I've seen references about flue temp's, but don't understand the importance.  Is it for efficiency? safety?  I have an infra red reader, and have been "playing" with it, but mostly use it for stove temps to measure different kind of wood.  Any info would be appreciated.  Thanks!

P.S. I tried to do a word search, but couldn't figure it out.  Do you'se have a word search option?  Thanks again!  Curt


----------



## begreen (Nov 27, 2018)

Knowing flue temp helps. It lets you know if too much or too little heat is heading up the chimney. Too much heat is a waste and too little can mean creosote will condense and build up.


----------



## ct01r (Nov 27, 2018)

Thanks!  Curt


----------



## SeanBB (Nov 27, 2018)

I have a magnetic flue thermometer that is 18 inches above the stove outlet. The ideal temperature is between 280 and 500 degrees Fahrenheit.


----------



## begreen (Nov 27, 2018)

SeanBB said:


> I have a magnetic flue thermometer that is 18 inches above the stove outlet.

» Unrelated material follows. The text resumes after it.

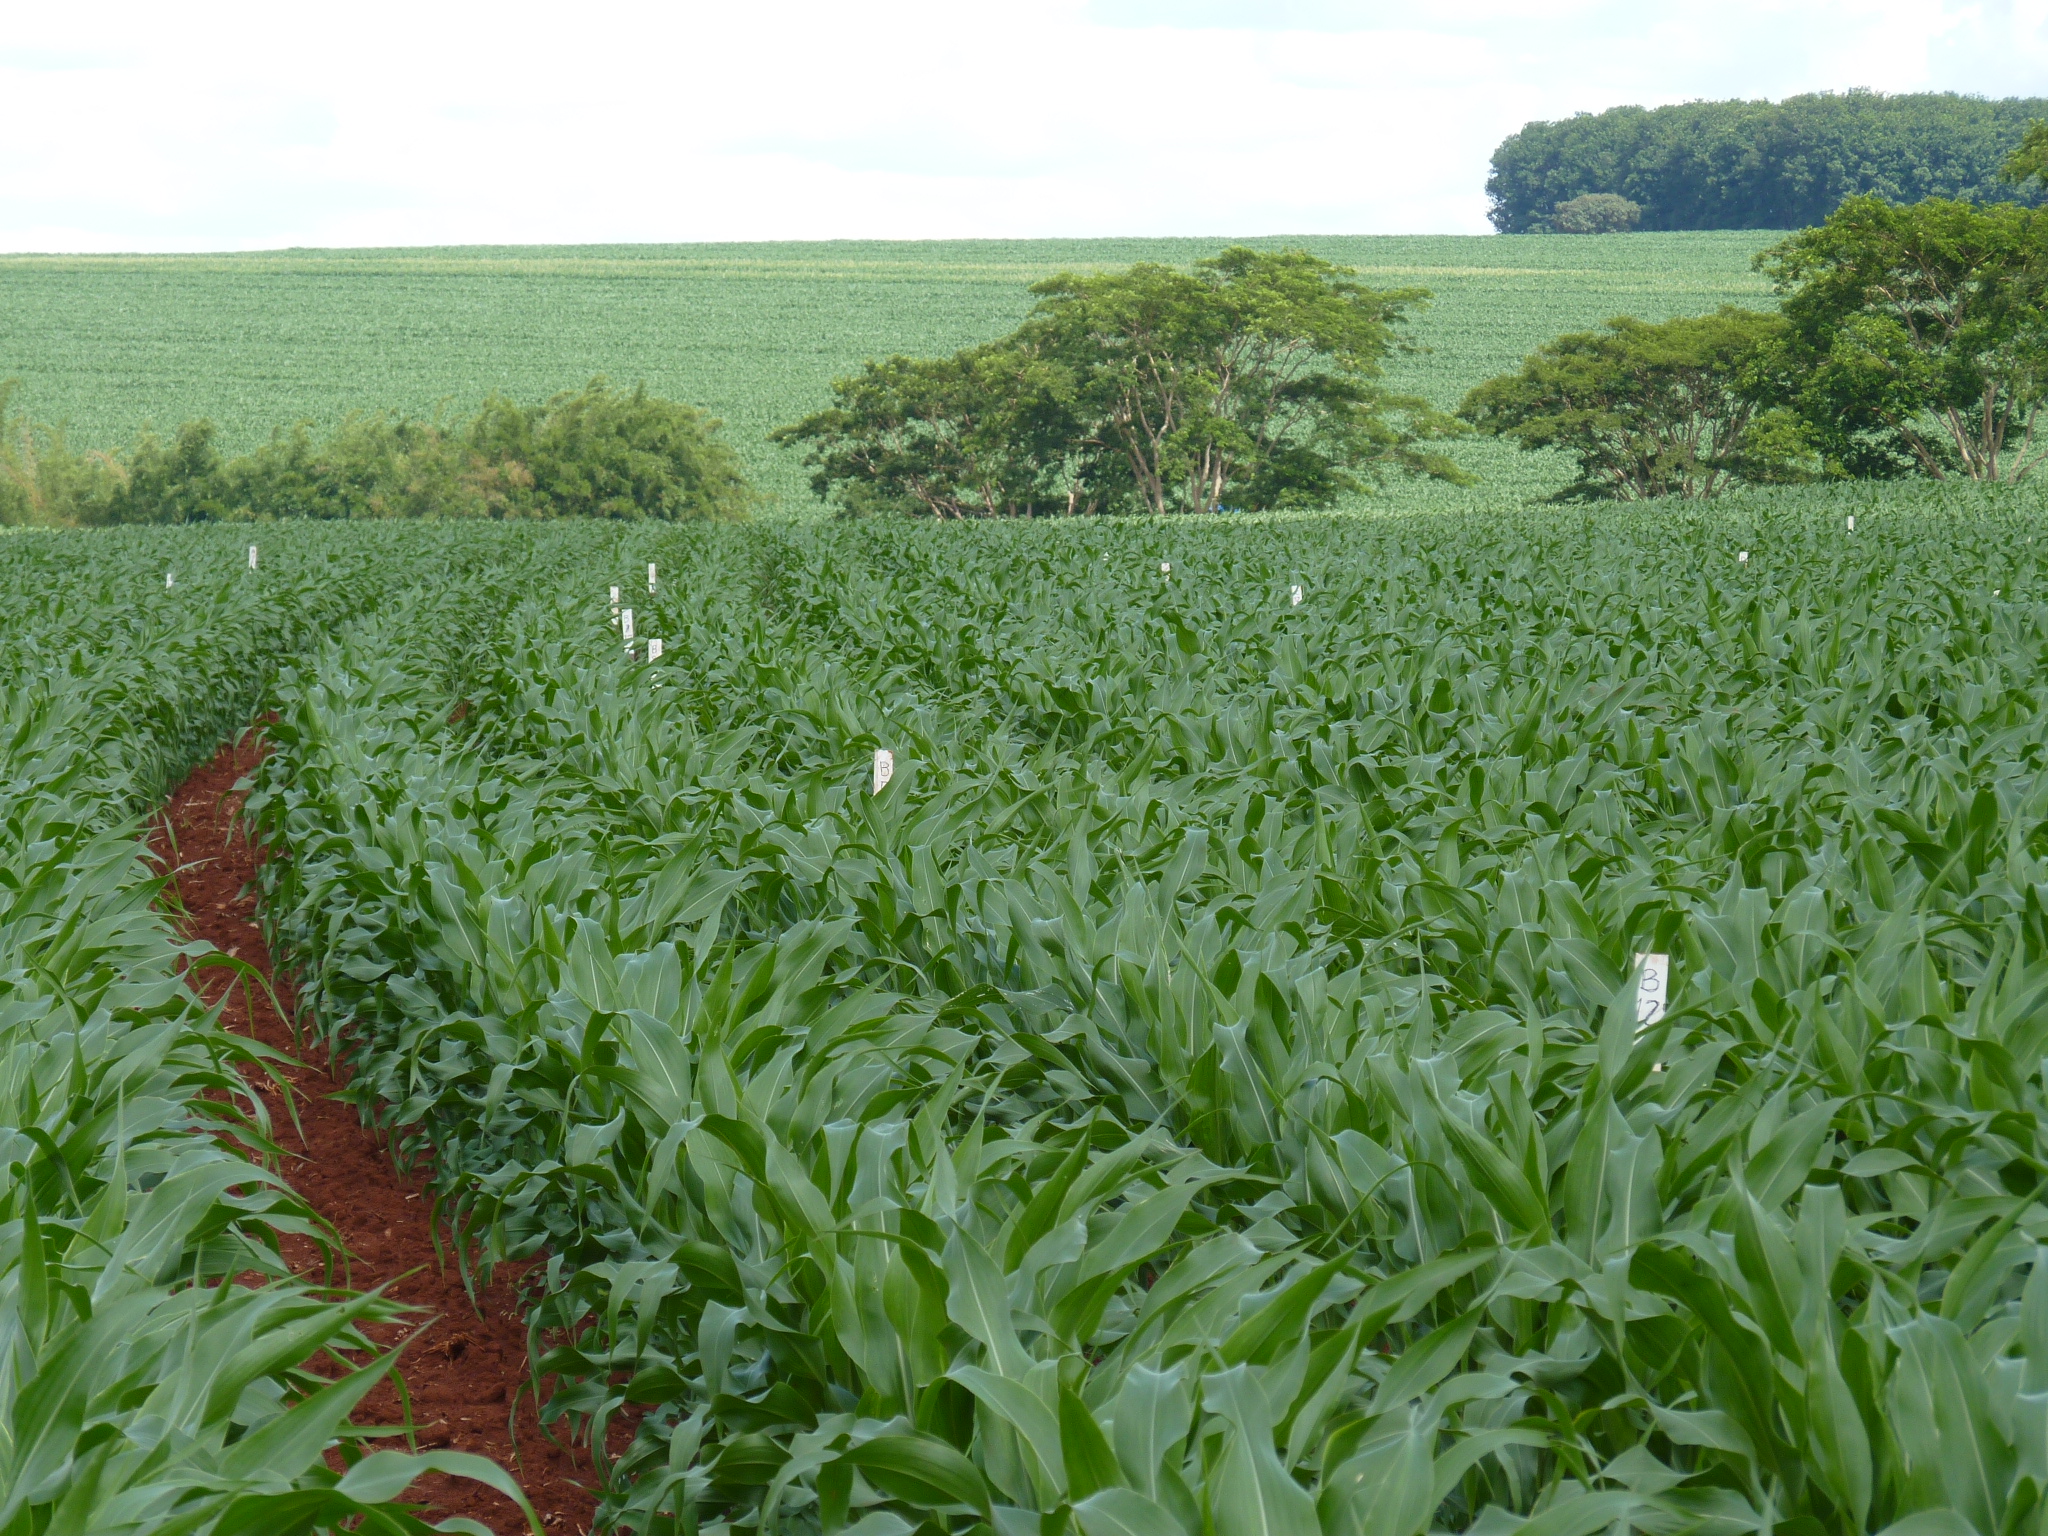 Área experimental cultivada com milho.
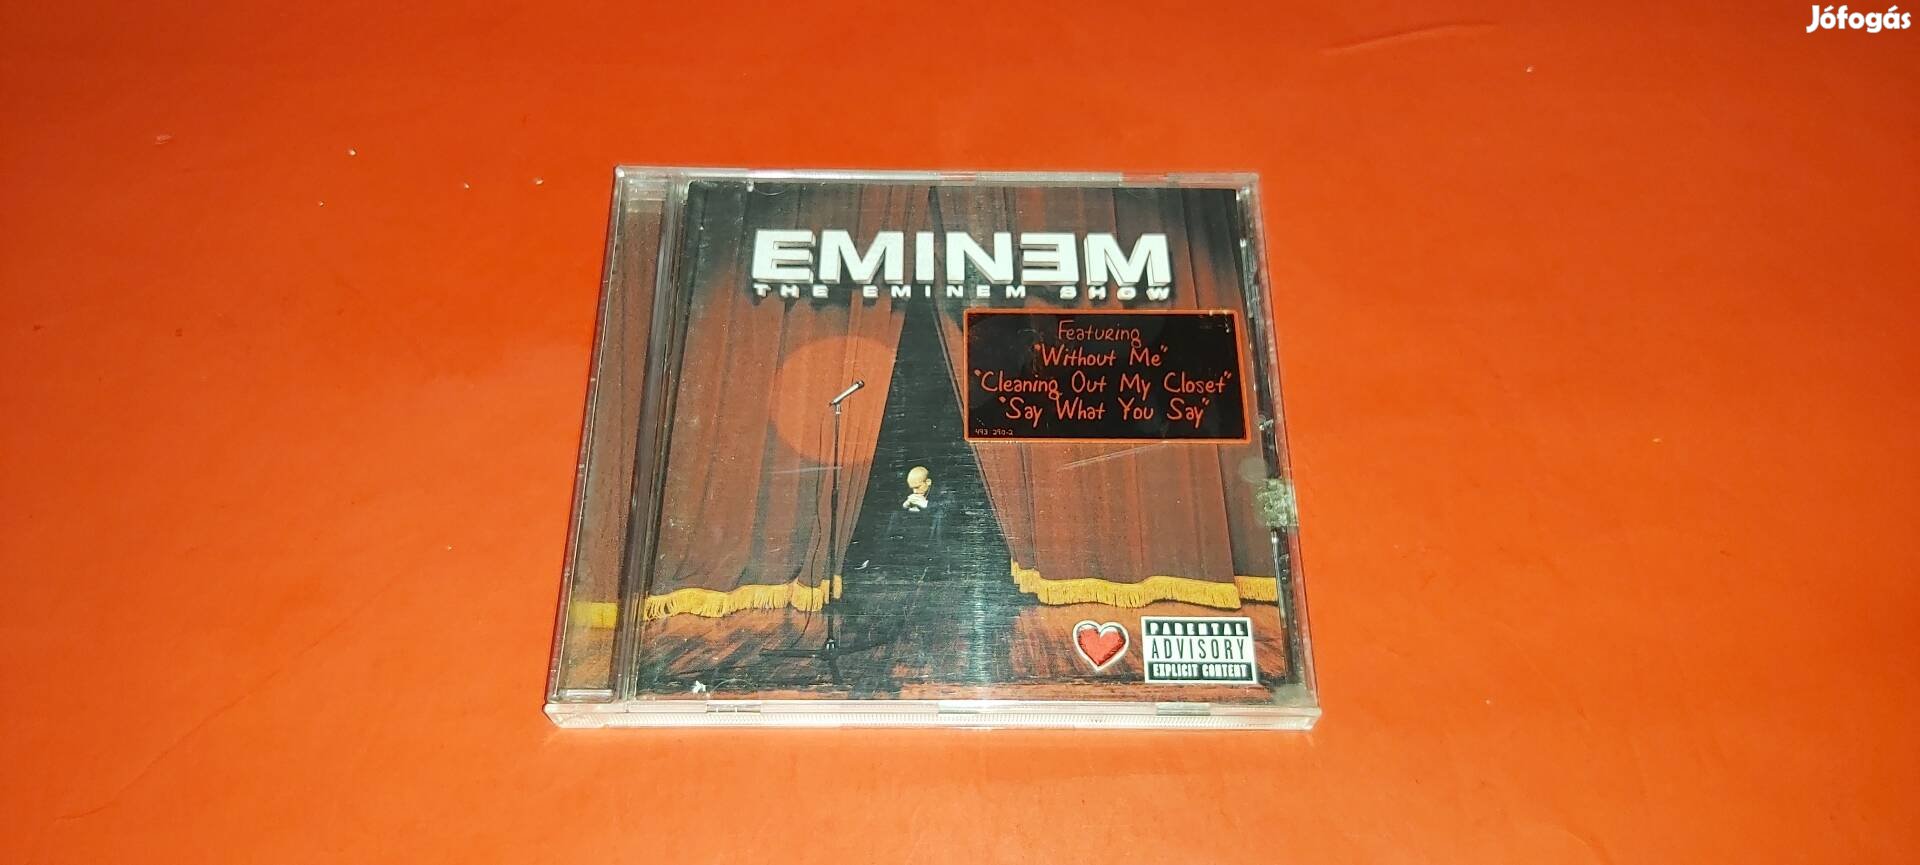 Eminem The Eminem show Cd 2002

Note that this is on single-wall stove pipe. If the stove pipe is double-wall then a probe style thermometer is needed. The probe thermometer will read 1.5x to 2x higher than the surface temp on single wall stove pipe because the probe is directly in the flue gas stream inside the stove pipe. 350-600ºF is a common temp for a probe.


----------



## ct01r (Nov 27, 2018)

Thanks guys!  I have single wall stainless.  It's been reading under 150 to 200 when I have the damper and air intake closed down (still has enough air leakage going in to keep the stove itself around 300-400 degrees).  When I open it up, the stove pipe reads in the 600's on the outside of the pipe with an infra-red reader.  I'll keep experimenting for max efficiency.  Thanks again!  Curt


----------



## bholler (Nov 27, 2018)

ct01r said:


> Thanks guys!  I have single wall stainless.  It's been reading under 150 to 200 when I have the damper and air intake closed down (still has enough air leakage going in to keep the stove itself around 300-400 degrees).  When I open it up, the stove pipe reads in the 600's on the outside of the pipe with an infra-red reader.  I'll keep experimenting for max efficiency.  Thanks again!  Curt


Ir thermometers can be thrown off by refective surfaces.  Get a magnetic thermometer and run a screw through the hole in the middle.

And btw 150 to 200 is pretty low for the outside of single wall pipe if that is accurate.  Chances are you are dropping below 212 by the time it reaves the top of the chimney.  600 is to high for the surface of singlewall.


----------



## ct01r (Nov 28, 2018)

Thanks beholler!  I try to avoid the shiny spots to shoot so it's more accurate.  Good to know on the temperatures.  I'll fine tune the stove accordingly.


----------